Ладно, хватит сидеть среди руин, пора выбираться к людям. Я весь покрыт пылью, глиной и мелким мусором. Даже в волосах какие-то соломинки. Надо срочно искать, где можно почиститься, а то стыдно в таком виде по загранице рассекать. И эти проклятые комары, жуть сколько их тут…
Сердобольные тётушки на выходе выдали одёжную щётку и помогли почиститься, с любопытством и жалостью выслушав рассказ о падении в яму.
– Не, не можно у нас падач! Ниц не падав ни разу. – На смешной смеси русского с польским уверяла меня старшая. Я не придал этому никакого значения. Возраст женщин позволял предположить, что они могли учить русский ещё в коммунистической Польше.

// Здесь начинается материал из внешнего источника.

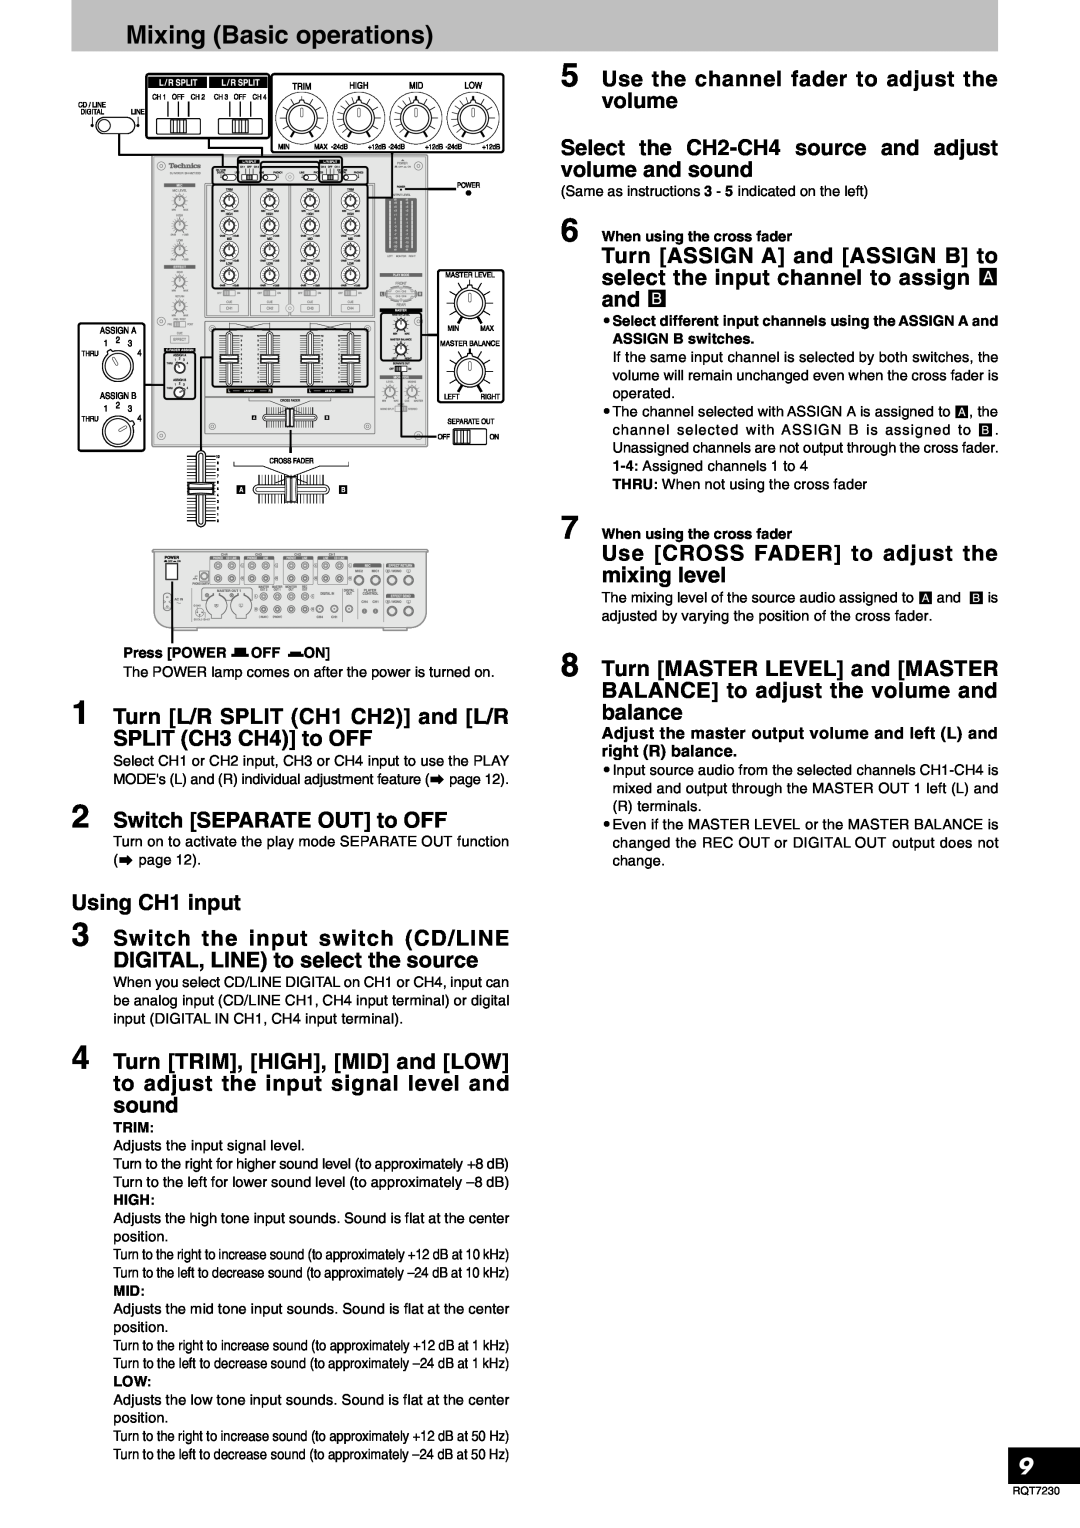 Panasonic SH-MZ1200, RQT7230-3Y operating instructions Mixing Basic operations

Зато из предостерегающих надписей исчез английский и появился русский. Это заставило меня более пристально приглядеться к окружающему пространству. Жаль, что тётушки оказались совершенно аполитичны и газет не читали.
– Милые девушки, – решил я рубануть напрямую, – что-то с памятью моей стало. Тут помню, тут не помню. Не скажете ли, существует ли Советский Союз? Как там по-польски? Звёнздэк роджецки?
– Матка боска, пан, наверно, в самом деле, сильно приложился, – женщины рассмеялись. – Юж тшыдесёнт рокув, как нема ниякого звёнздэка. Вы, русские, тогда наконец-то взялись за ум и отпушчилы вшистки, ктожи не хцел жич з вами.
– Что-то тут не то, – подумал я. – Надо срочно возвращаться в Кентшин, включить телек, купить газет, посерфить Инет, а то может оказаться, что я со своими «новыми злотыми» из того XXI века окажусь недееспособным. Если Родина окажется совершенно другой страной, становится не понятно, что делать и как возвращаться.
На стоянке перед главным входом в музей «Вольфшанце» стоит только одна таксувка. Какой марки и какого времени сказать сложно. В XXI веке модификаций так много и они так разнообразны, что судить по внешнему виду я и прежде не пытался.